Stored items from a collection
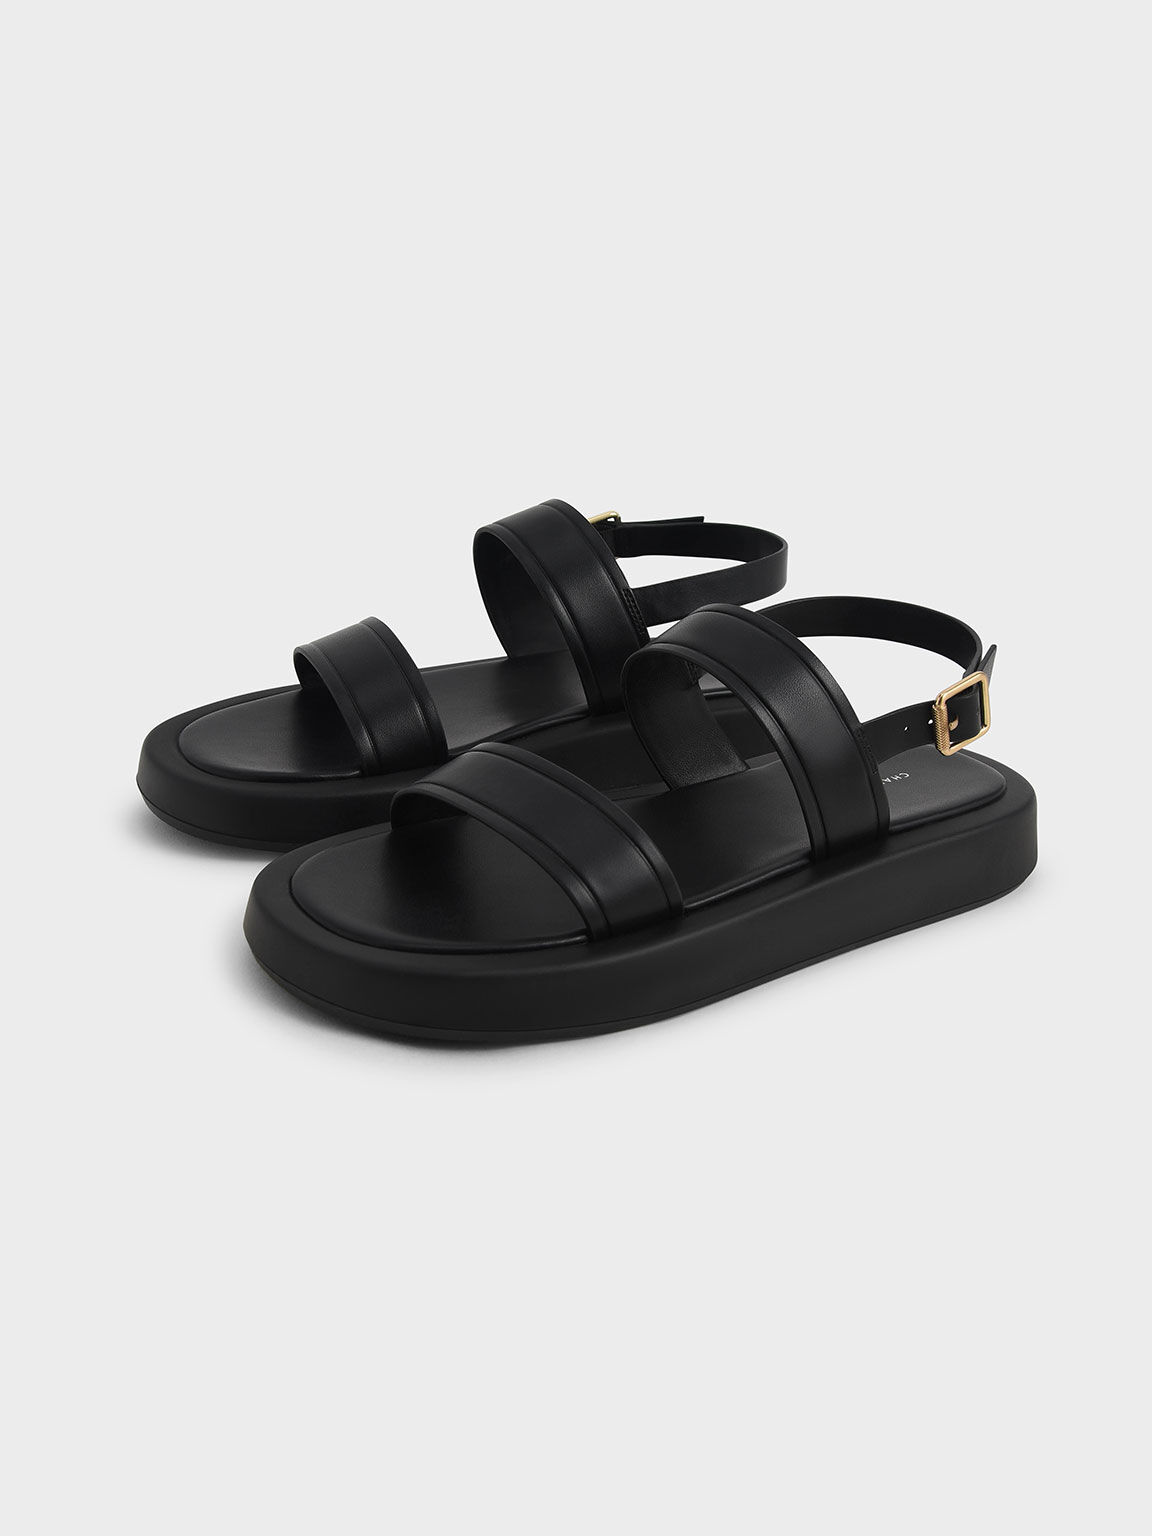 Black Open Toe Slingback Platform Sandals - CHARLES & KEITH UK
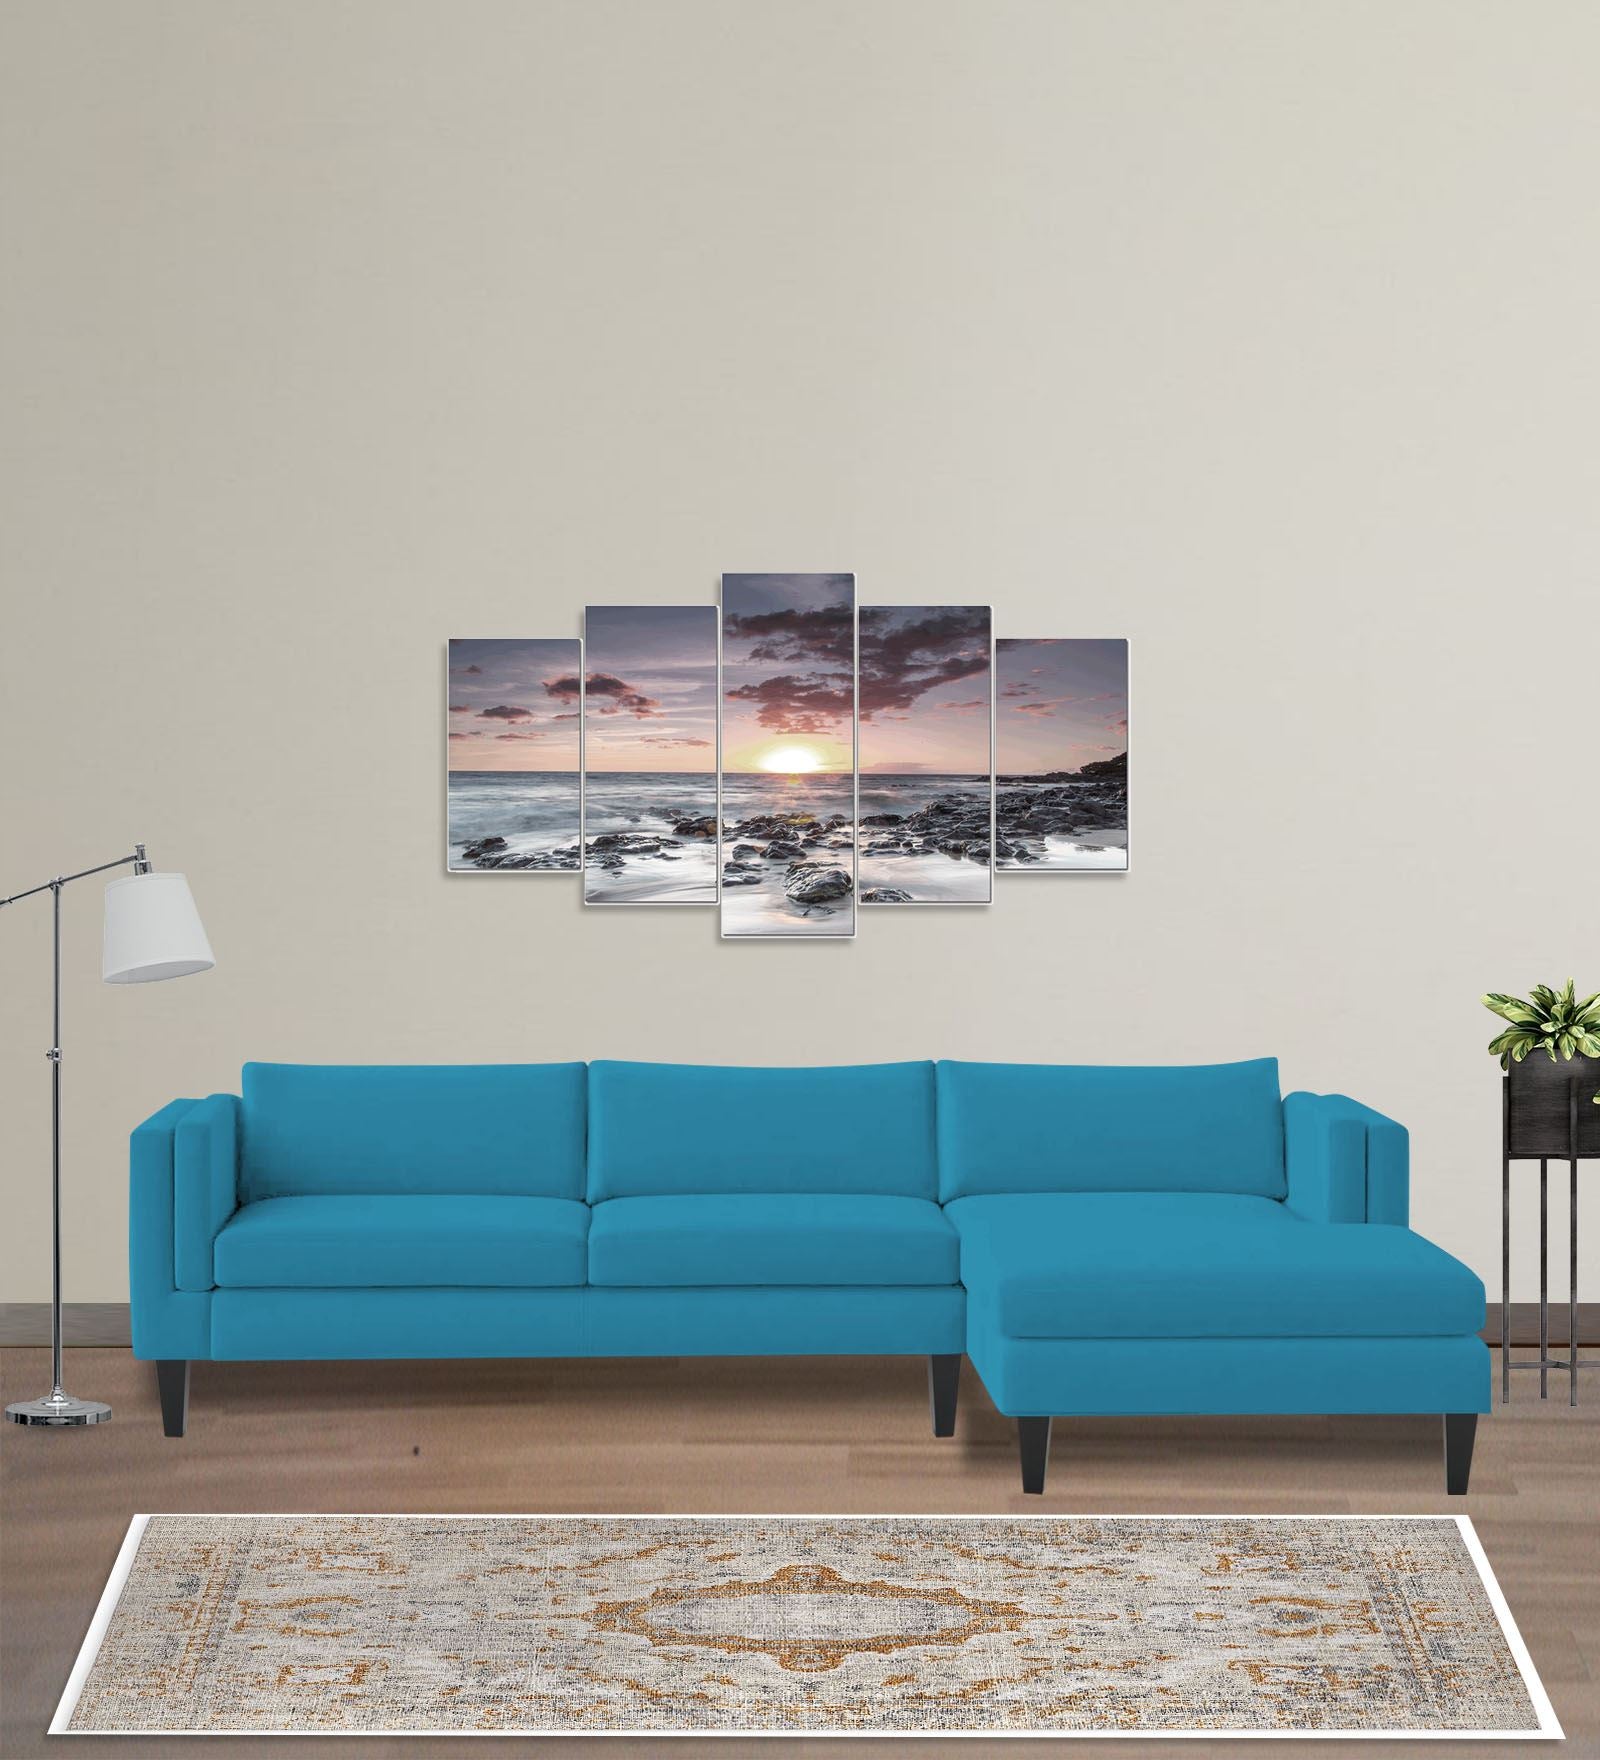 Jasper Velvet LHS Sectional Sofa (3+Lounger) in Aqua blue Colour
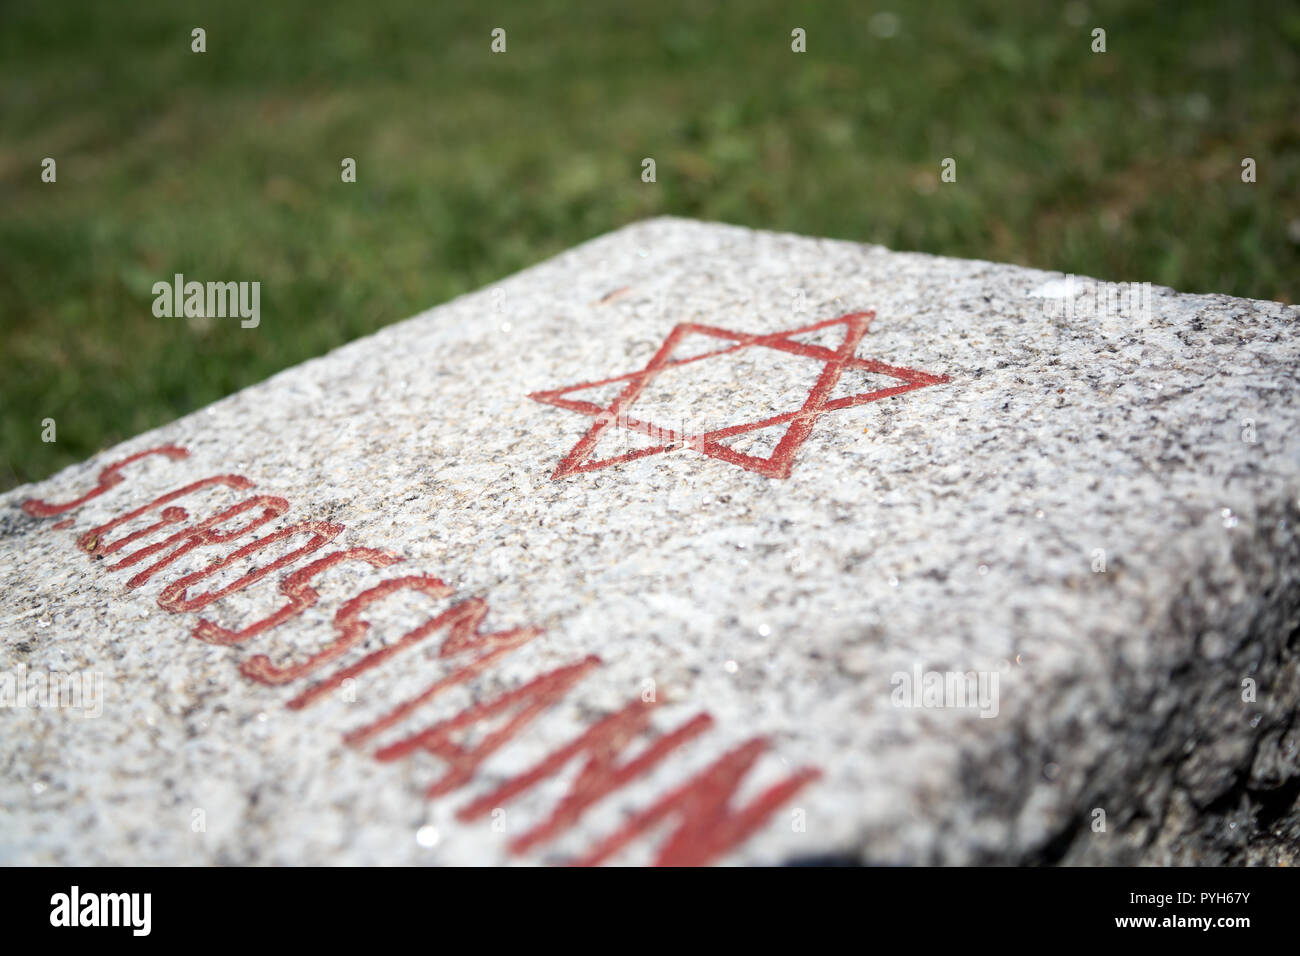 Bayern, Deutschland - Ehrenamtliche Friedhof für 121 Opfer der nationalsozialistischen Gewaltherrschaft starb kurz nach der Befreiung 1945. Grabstein eines Juden Stockfoto
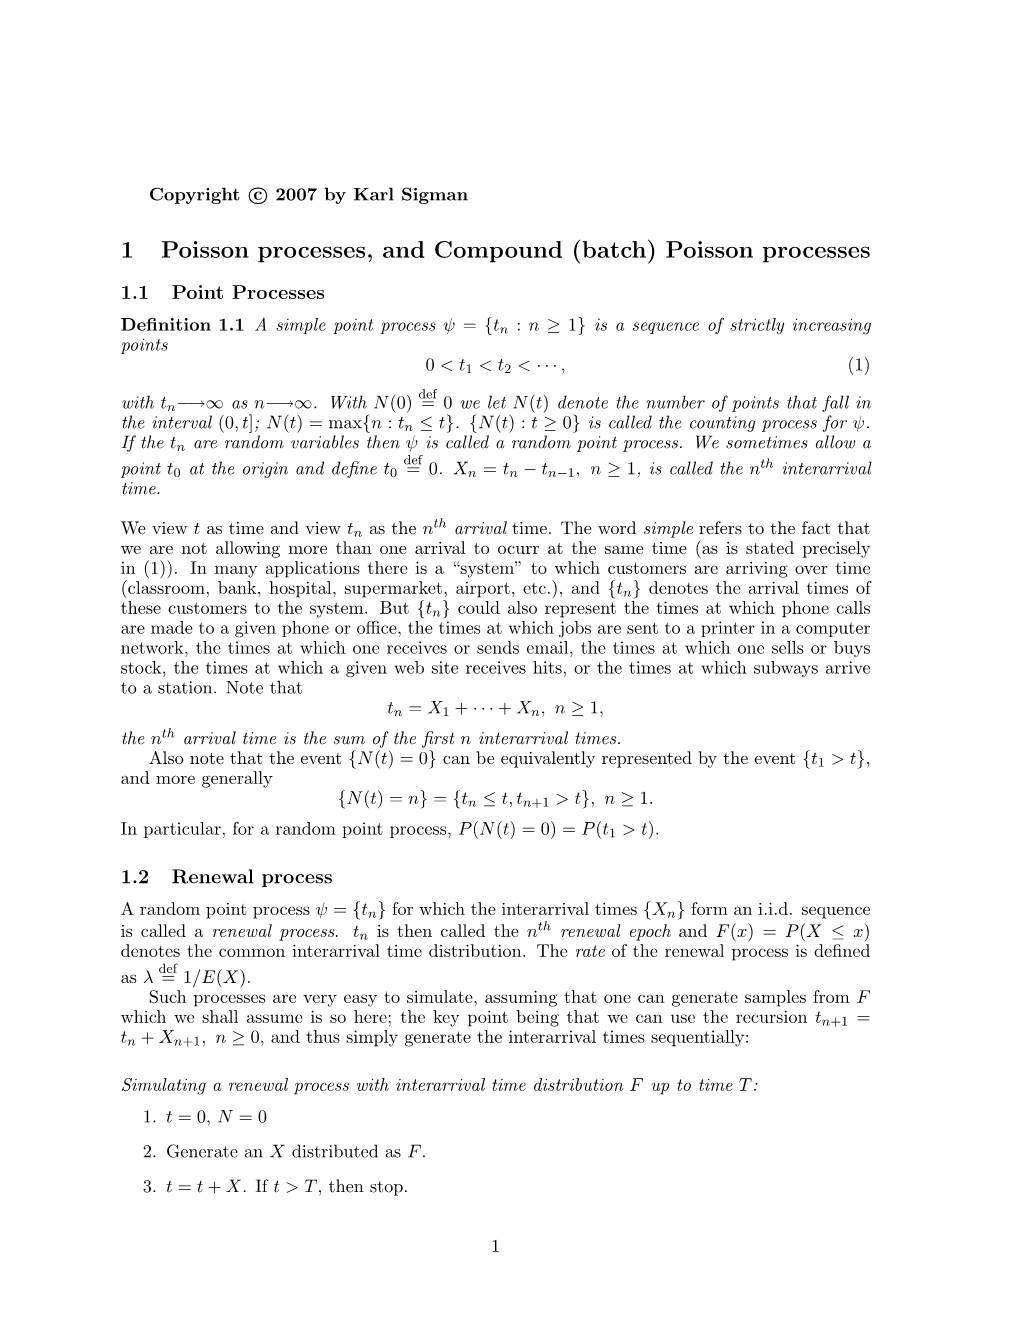 1 Poisson Processes, and Compound (Batch) Poisson Processes
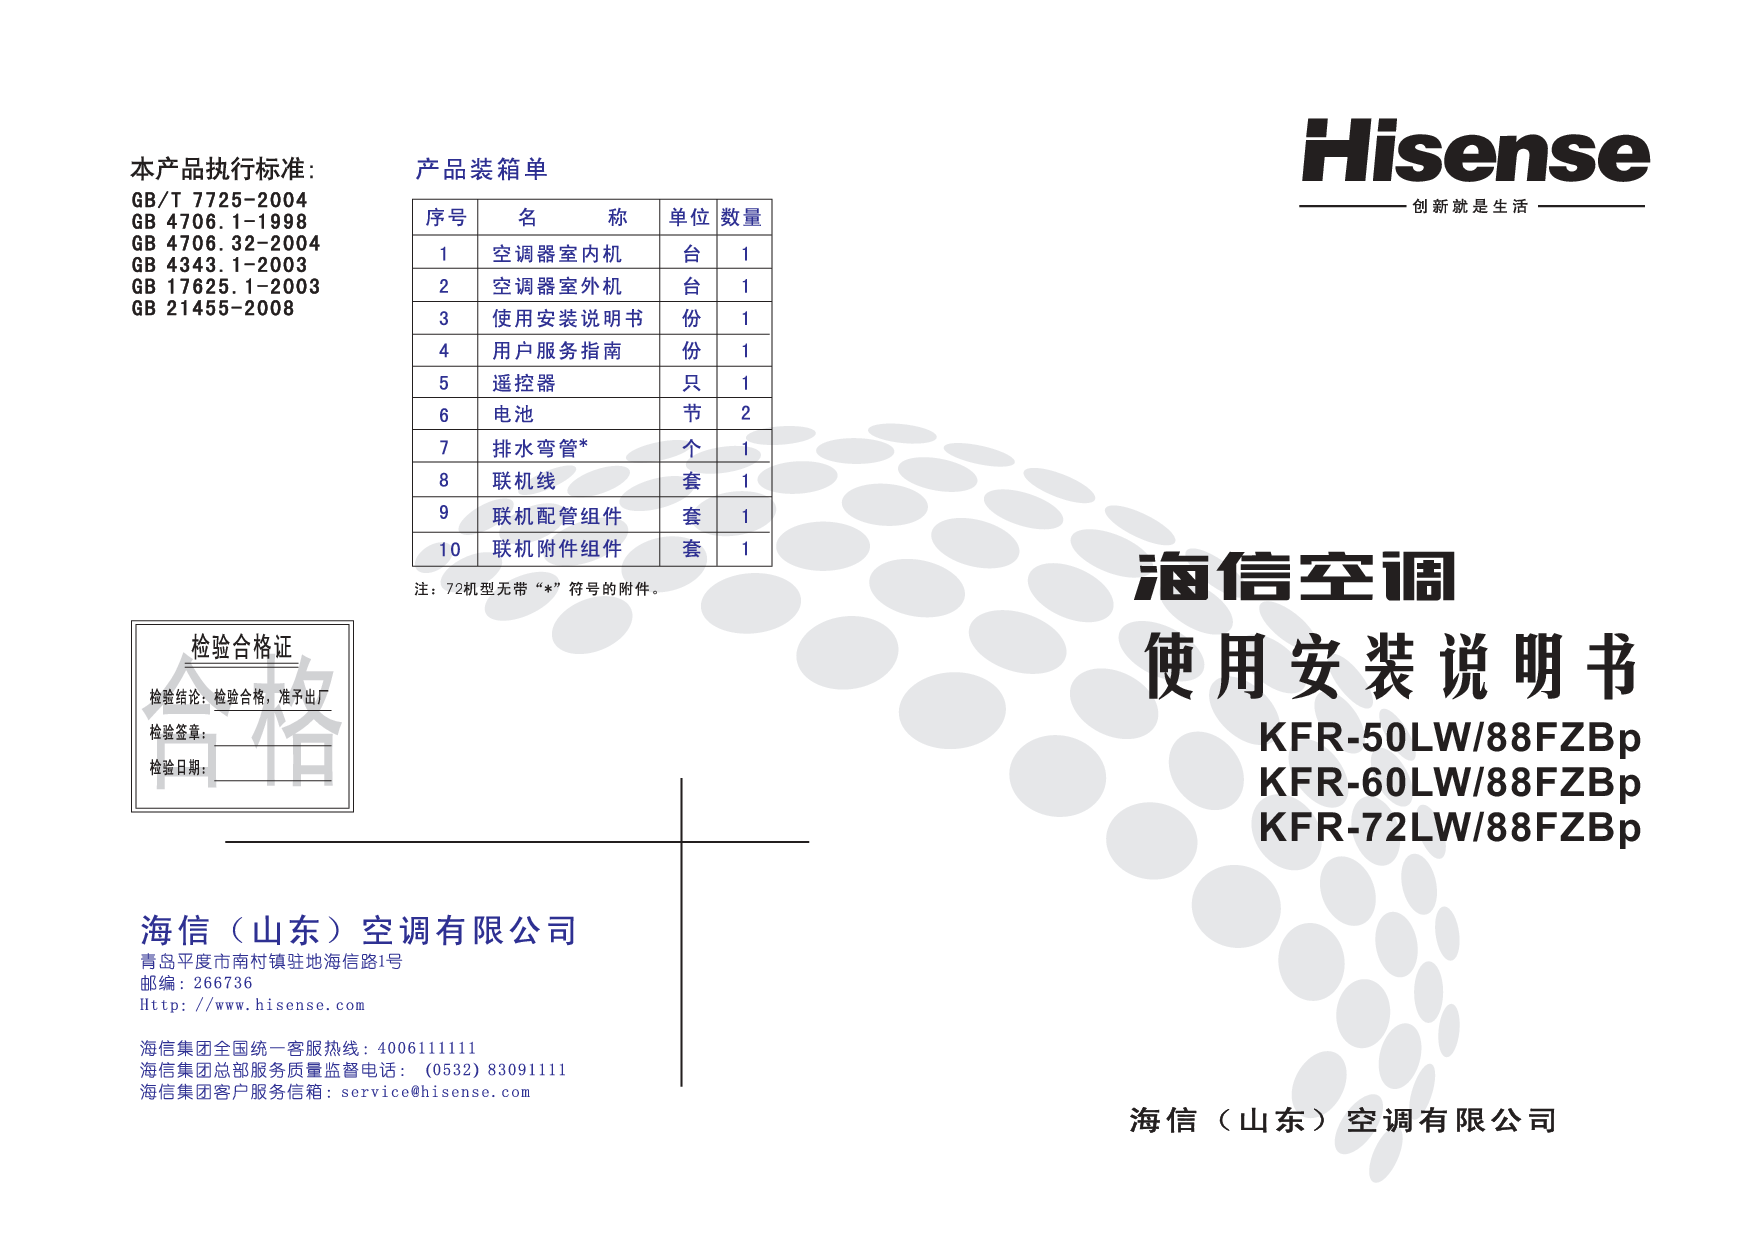 海信 Hisense KFR-50LW/88FZBp 使用说明书 封面

PROBLEM: Every record above must be given again exactly; drop the pictures.

ANSWER BOX:
 Black Open Toe Slingback Platform Sandals - CHARLES & KEITH UK
 Jasper Velvet LHS Sectional Sofa (3+Lounger) in Aqua blue Colour
 Bayern, Deutschland - Ehrenamtliche Friedhof für 121 Opfer der nationalsozialistischen Gewaltherrschaft starb kurz nach der Befreiung 1945. Grabstein eines Juden Stockfoto
 1 Poisson Processes, and Compound (Batch) Poisson Processes
 海信 Hisense KFR-50LW/88FZBp 使用说明书 封面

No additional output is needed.